Example Firefox add-ons created using the WebExtensions API
https://github.com/mdn/webextensions-examples
Maintained by Mozilla’s Add-ons team.
WebExtensions are a way to write browser extensions: that is, programs
installed inside a web browser that modify the behavior of the browser or
web pages loaded by the browser. WebExtensions are built on a set of
cross-browser APIs, so WebExtensions written for Google Chrome, Opera, or
Edge will, in most cases, run in Firefox too.
The “webextensions-examples” repository is a collection of simple,
complete, and installable WebExtensions. The examples show how to use the
WebExtensions APIs, and you can use them as a starting point for your
WebExtensions.
For an index of all the examples, see the “Example extensions” page on MDN.
The examples are made available under the
Mozilla Public License 2.0.
To use the repository, first clone it.
Each example is in a top-level folder and includes a short README explaining
what it does. To see how an example works, install it in Firefox by following
the installation instructions.
To find your way around a WebExtension’s internal structure, have a look at the
Anatomy of a WebExtension
page on MDN.
To use these examples in Firefox, use the most recent release of Firefox.
However, most examples work with earlier releases.

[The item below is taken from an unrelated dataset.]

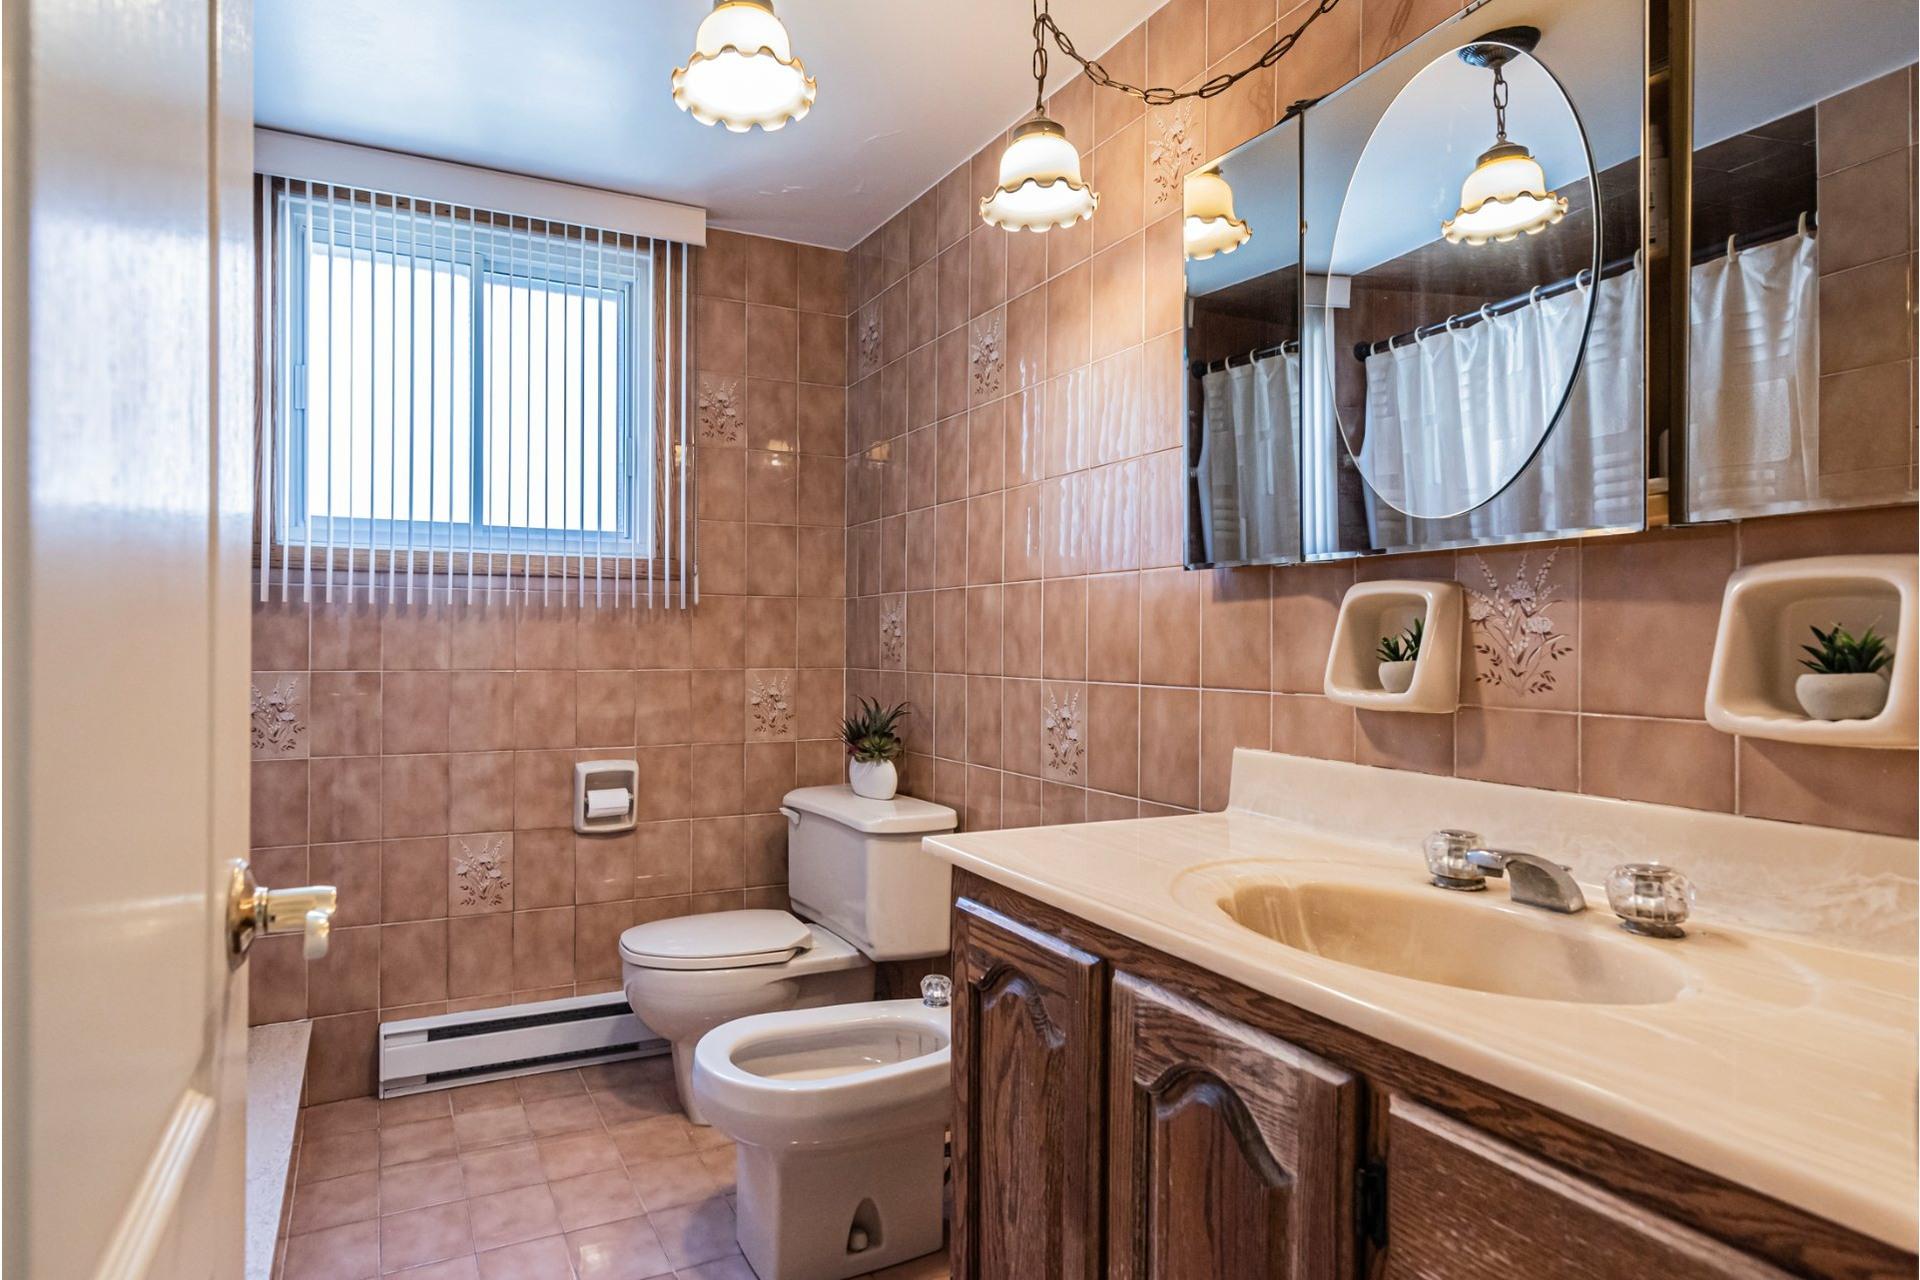 image 18 - Duplex For sale Saint-Léonard Montréal  - 9 rooms

A few examples rely on APIs that are only available in pre-release versions
of Firefox. Where this is the case, the example declares the minimum version
that it needs in the strict_min_version
attribute of the
browser_specific_settings key
in the extension’s manifest.json file.
Some examples work only on specific domains or pages. Details of any
restrictions are provided in each example’s README file. None of the
examples work in private browsing windows by default, see
Extensions in Private Browsing
for details.
To run an example extension:
about:debugging
page. Clickmanifest.json
file within the folder of an example extension.web-ext run
. This launches Firefox and installs the extension automatically.These examples are tested in Firefox. They may work in other browsers, if the
browser supports the APIs used.
Note that these examples all use the browser
namespace and promises to
work with asynchronous functions. This means the examples won’t work in
Chrome unless you use the
polyfill provided by Mozilla.
See the overview of WebExtension APIs
for more information.
To learn more about developing WebExtensions, see the
WebExtensions documentation on MDN
for getting started guides, tutorials, and full API reference docs.
If you encounter an issue:
If you cannot resolve the issue, file a bug.
We welcome contributions, whether they are new examples, new features, bug
fixes, or translations of localizable strings. Please see the
CONTRIBUTING.md
file for more details.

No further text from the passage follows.